▸ **What you have to do**
Print out the data exactly, keeping every image out of it.

▸ **Information provided**
══════════

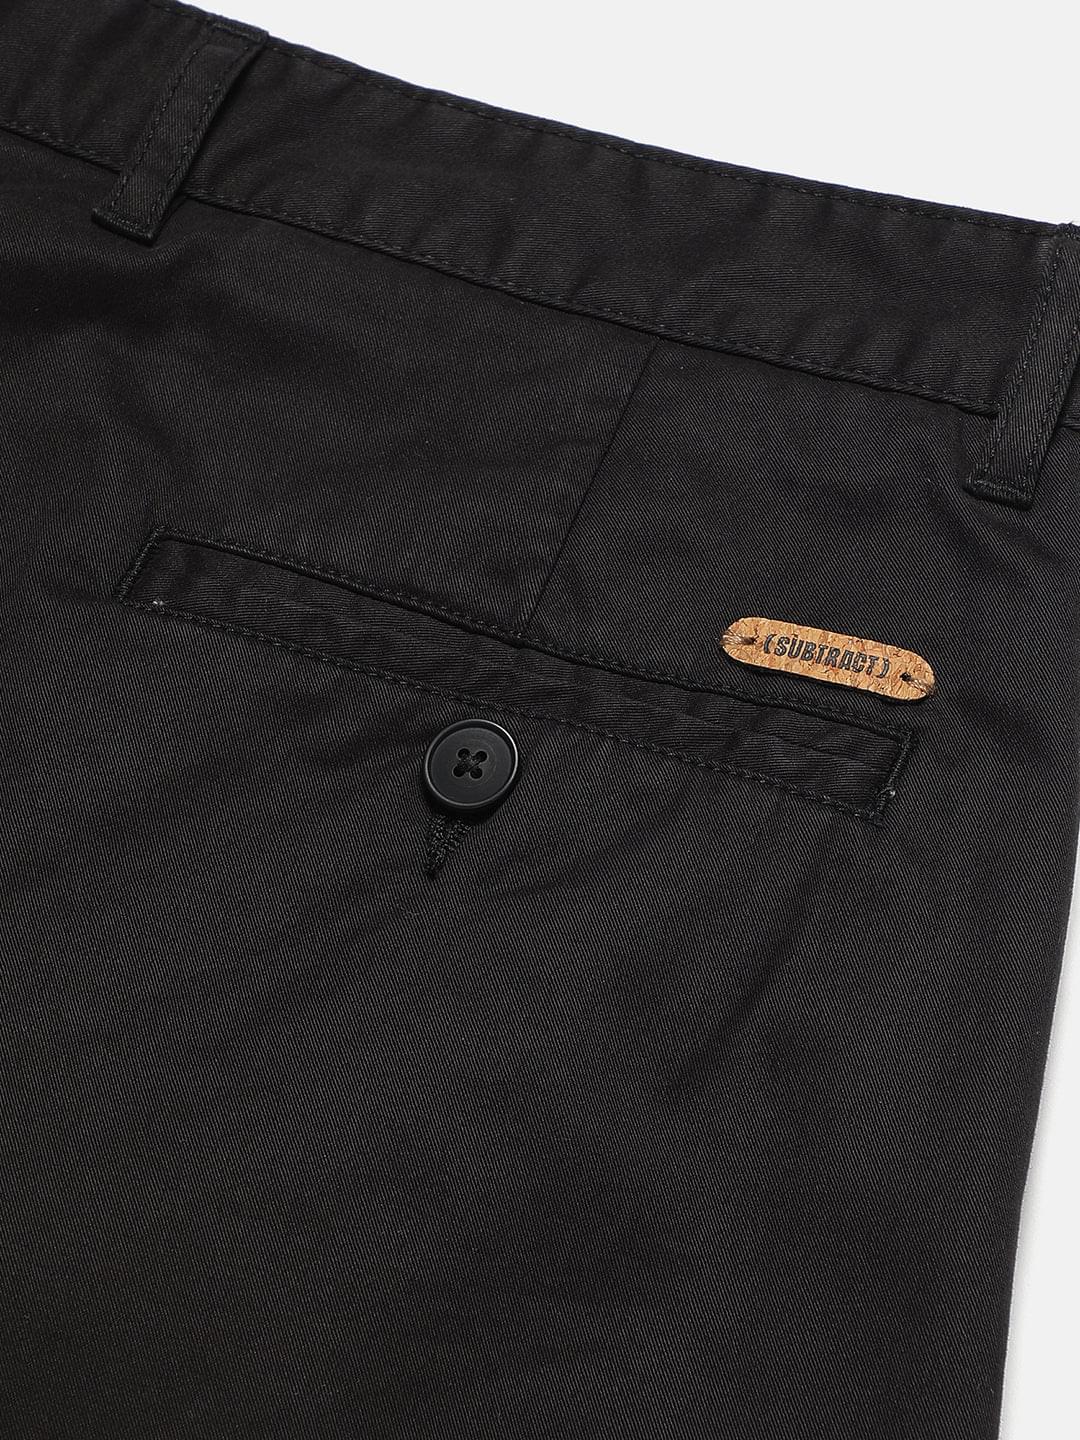 2 Way Stretch Pleated Chinos in Black- Comfort Fit
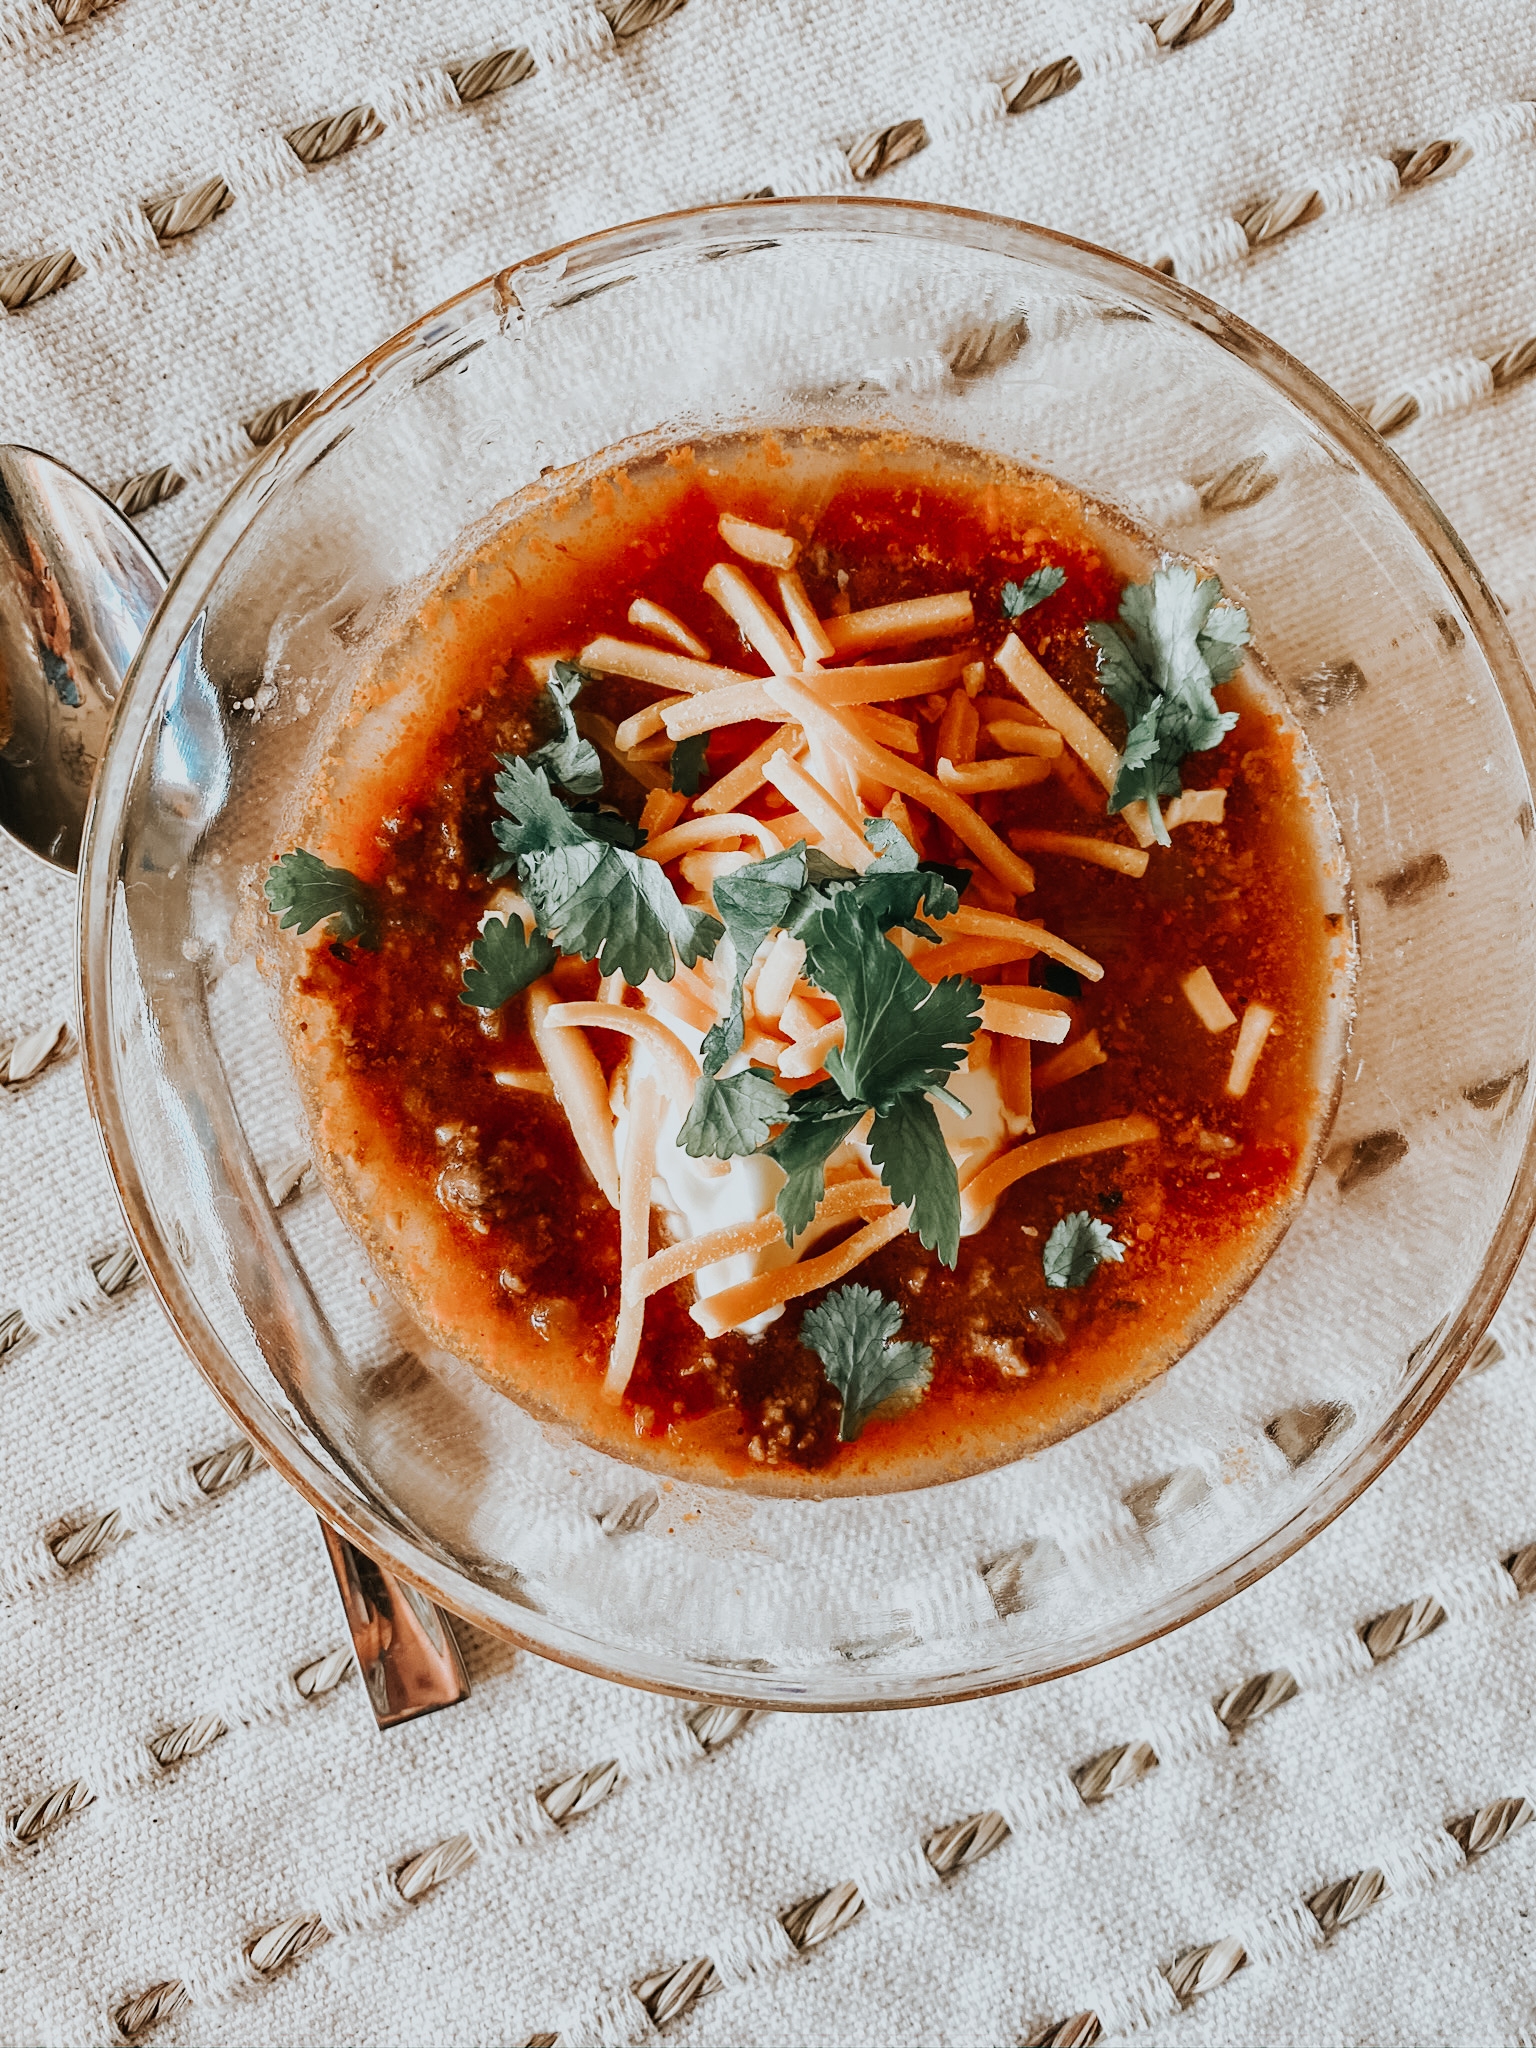 Easy Beanless Chili Keto Recipe for your Crock Pot by Alabama Life + Style Blogger, Heather Brown // My Life Well Loved
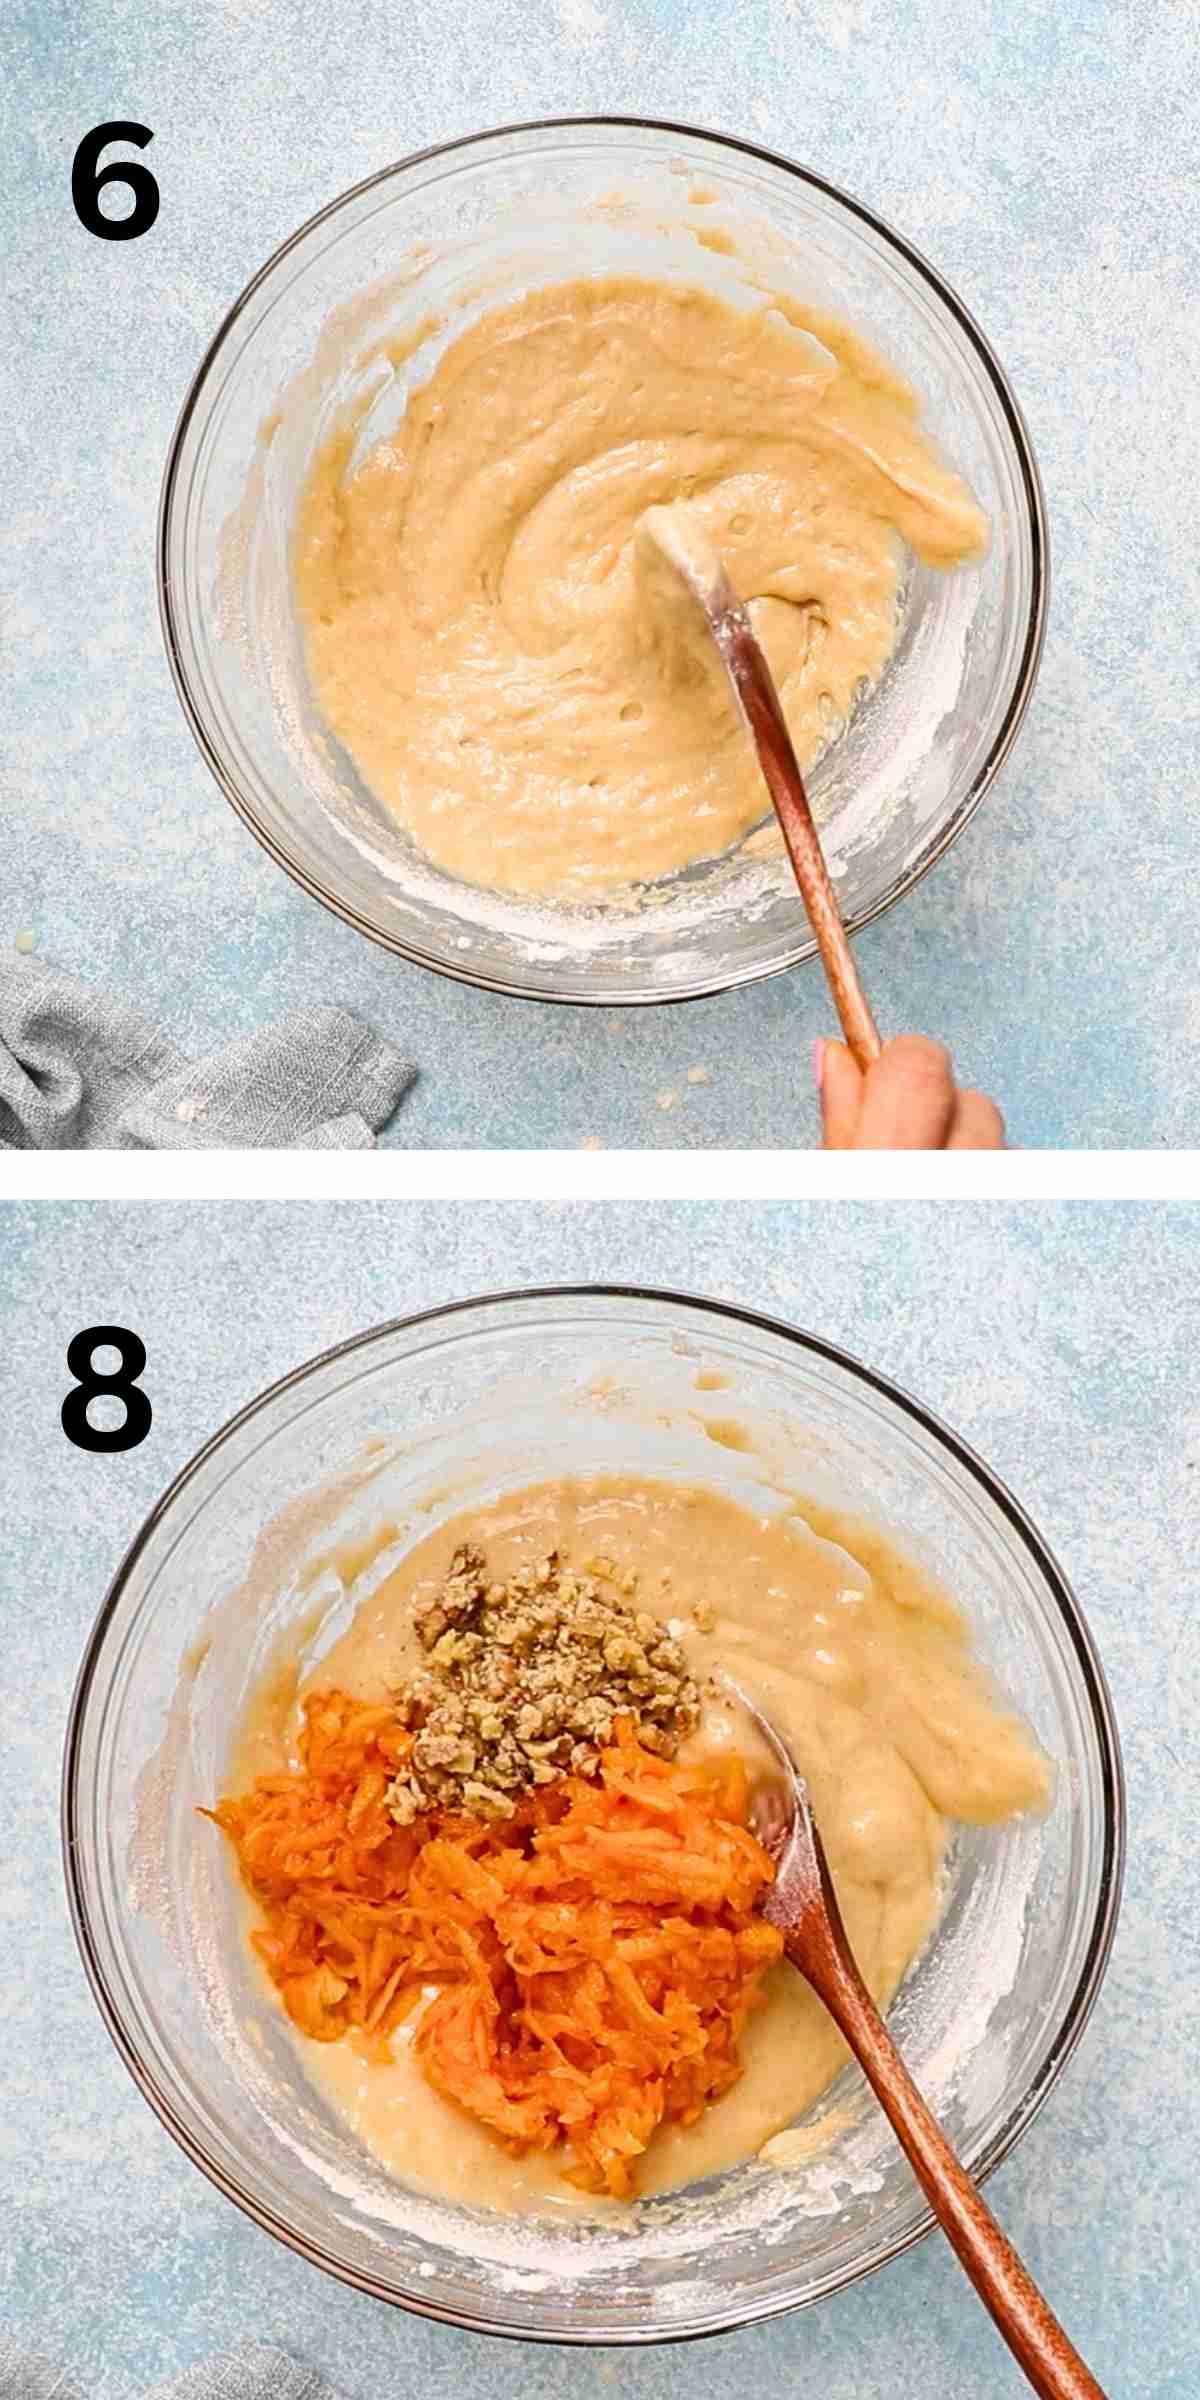 2 photo collage of prepping muffin batter in a glass bowl.
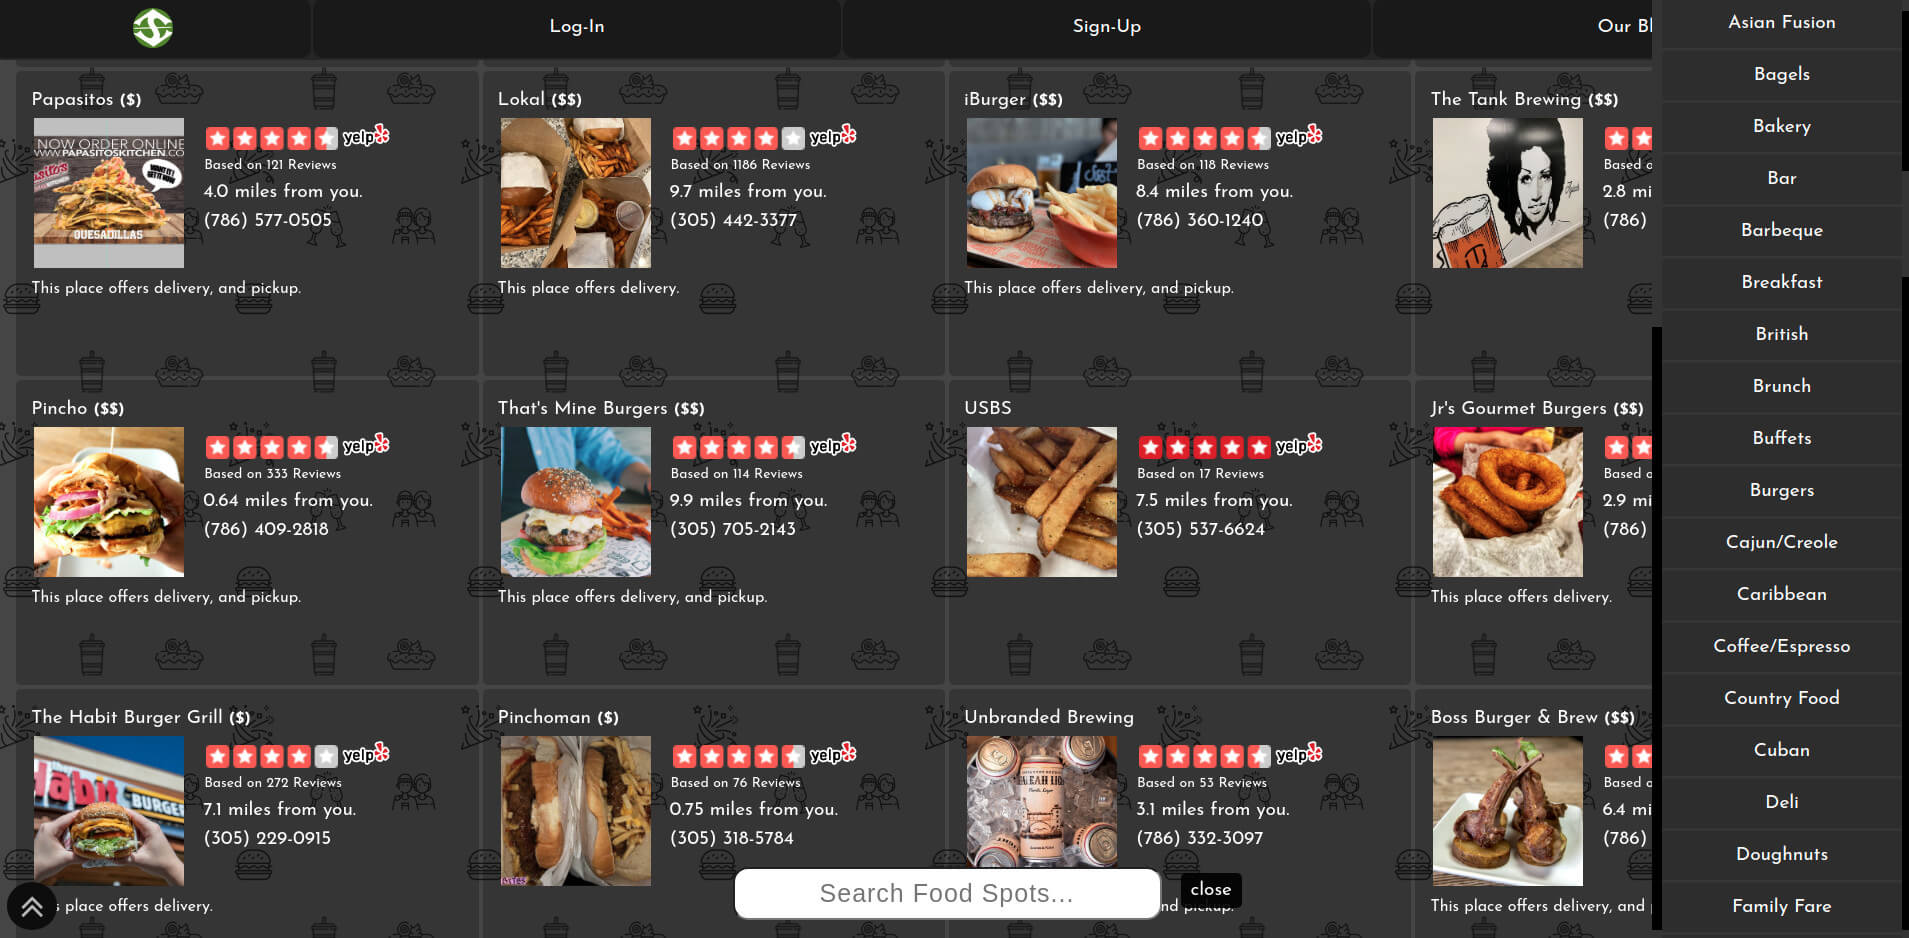 Image of SpotBie UI displaying the best Burger Restaurants around users.

══════════

▸ **Result for this exercise**
 2 Way Stretch Pleated Chinos in Black- Comfort Fit
 Easy Beanless Chili Keto Recipe for your Crock Pot by Alabama Life + Style Blogger, Heather Brown // My Life Well Loved
 2 photo collage of prepping muffin batter in a glass bowl.
 Image of SpotBie UI displaying the best Burger Restaurants around users.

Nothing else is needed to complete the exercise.